------ Dataset extract
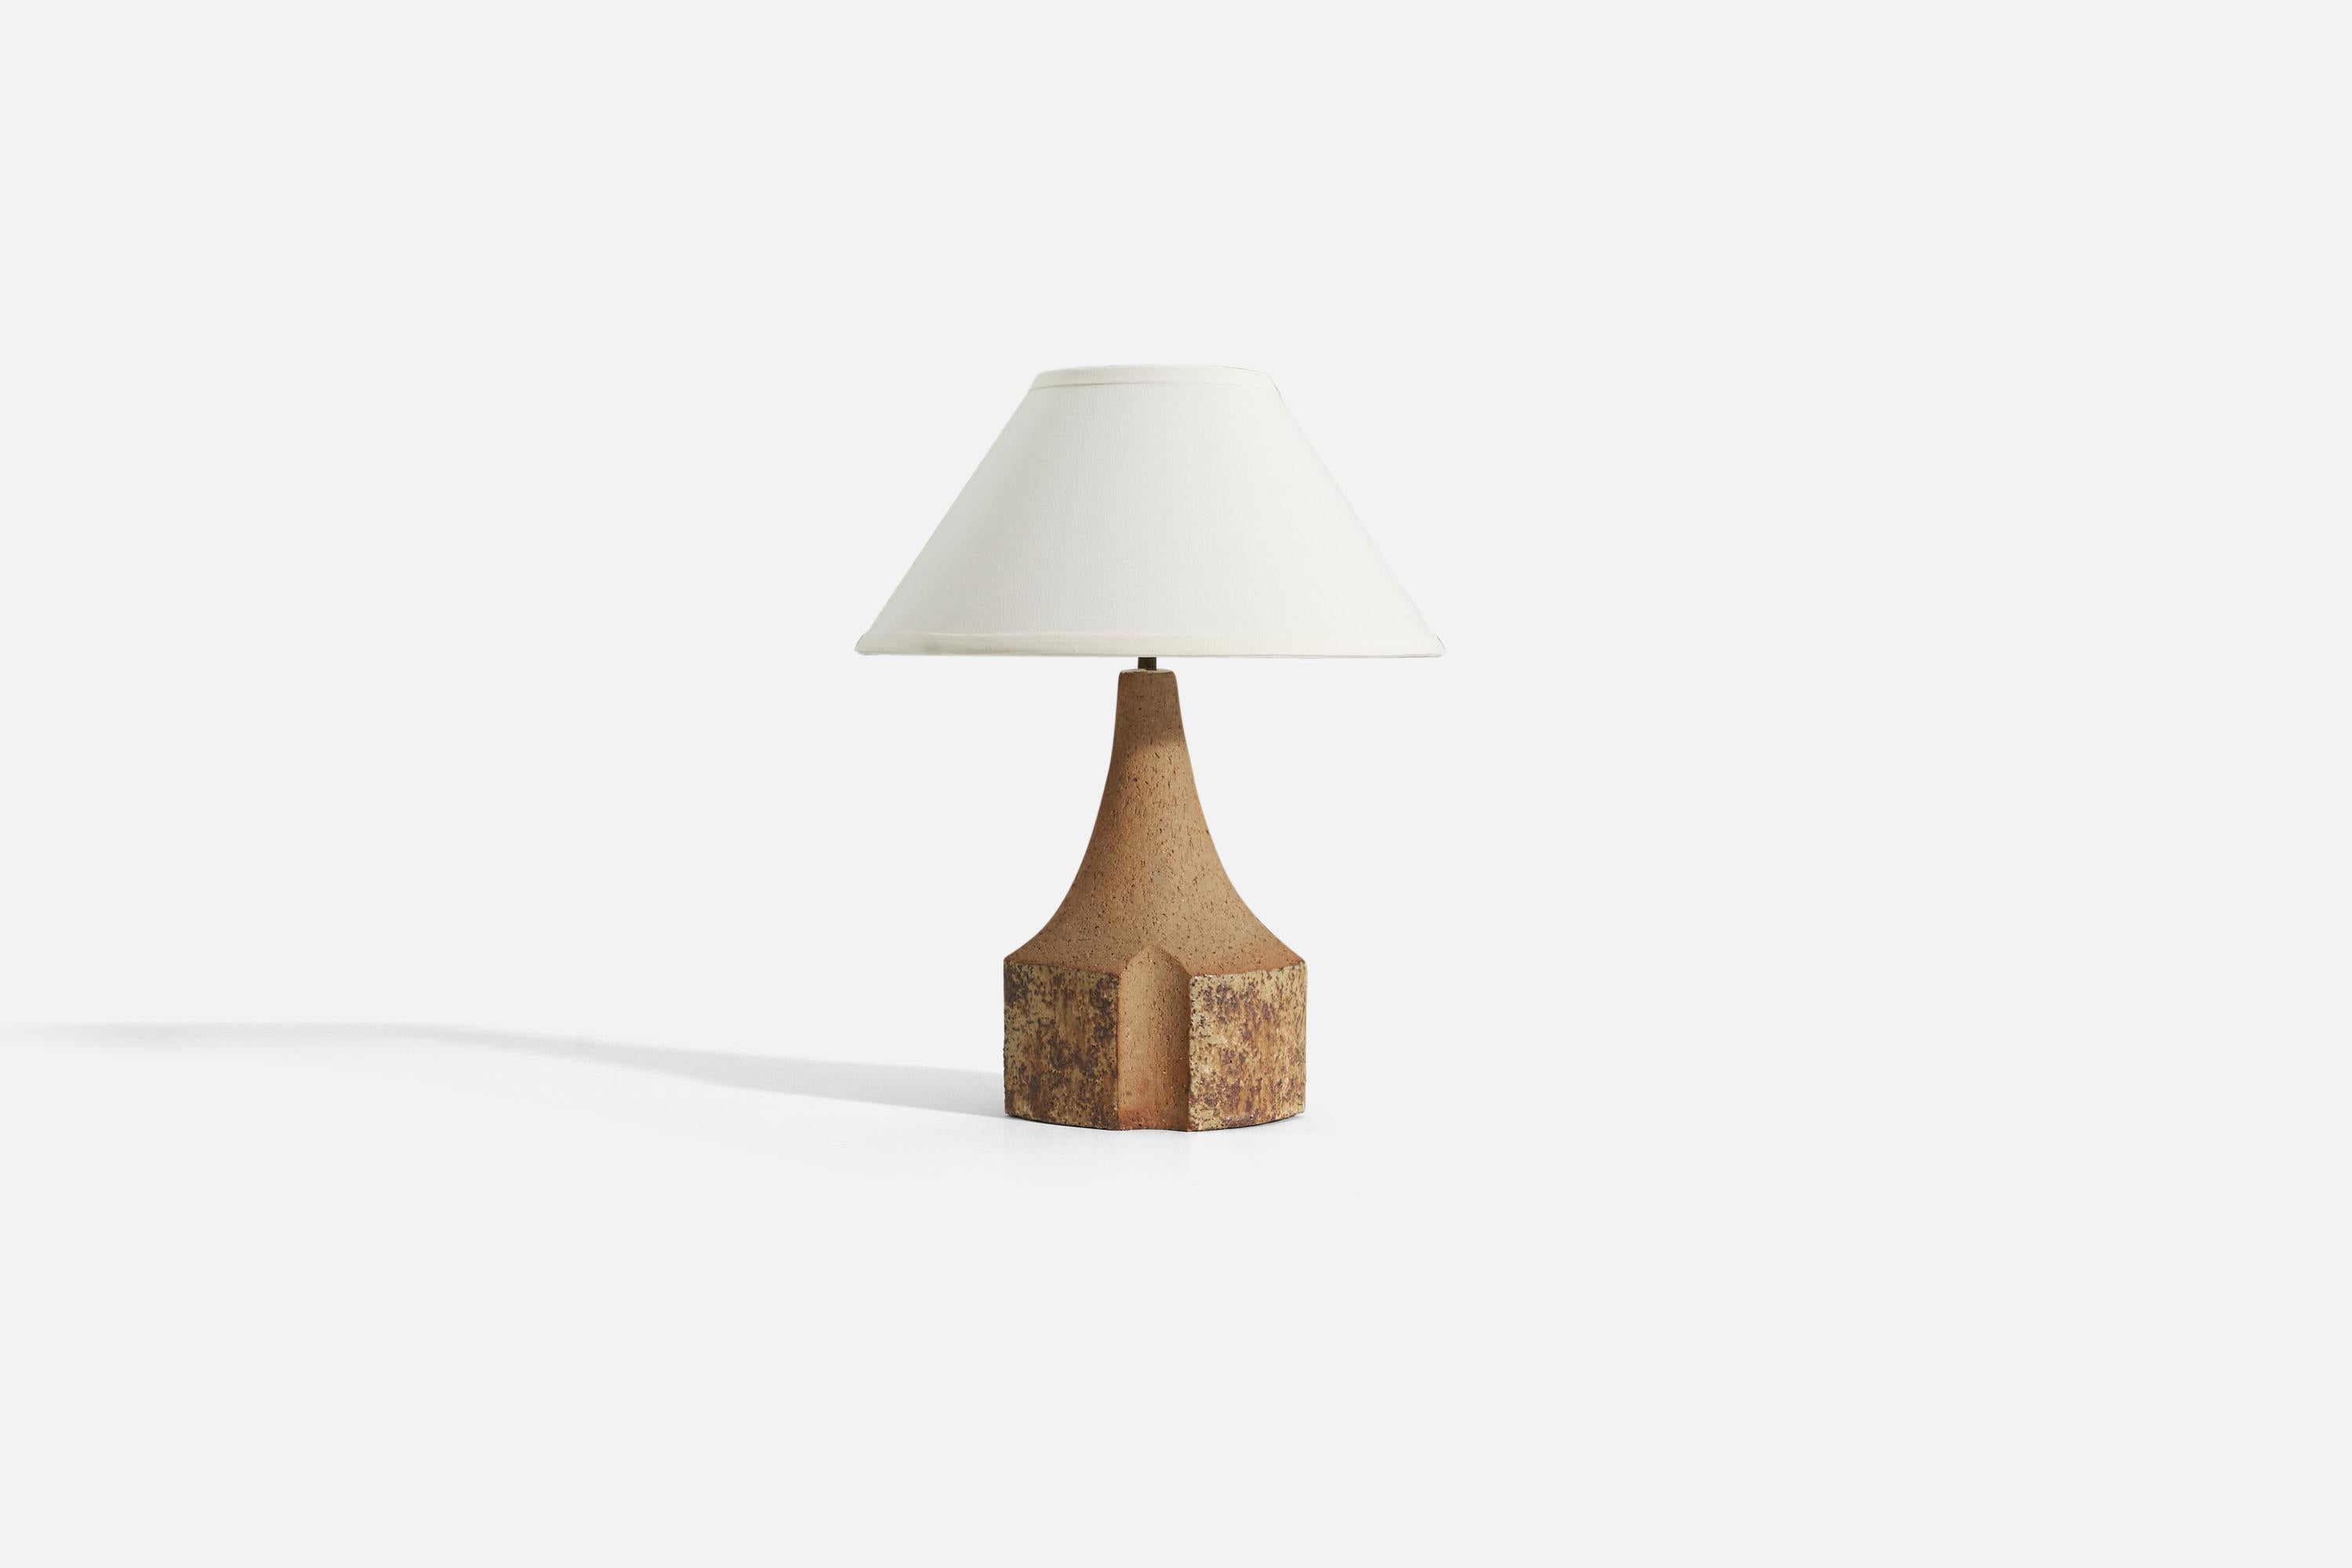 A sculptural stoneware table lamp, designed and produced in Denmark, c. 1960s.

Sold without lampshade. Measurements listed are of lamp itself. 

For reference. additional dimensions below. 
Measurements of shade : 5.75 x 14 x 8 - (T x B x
------------
Lines with "Measurements" in them: work out how many there are in the listing and give the figure alone.

Response for this exercise:
2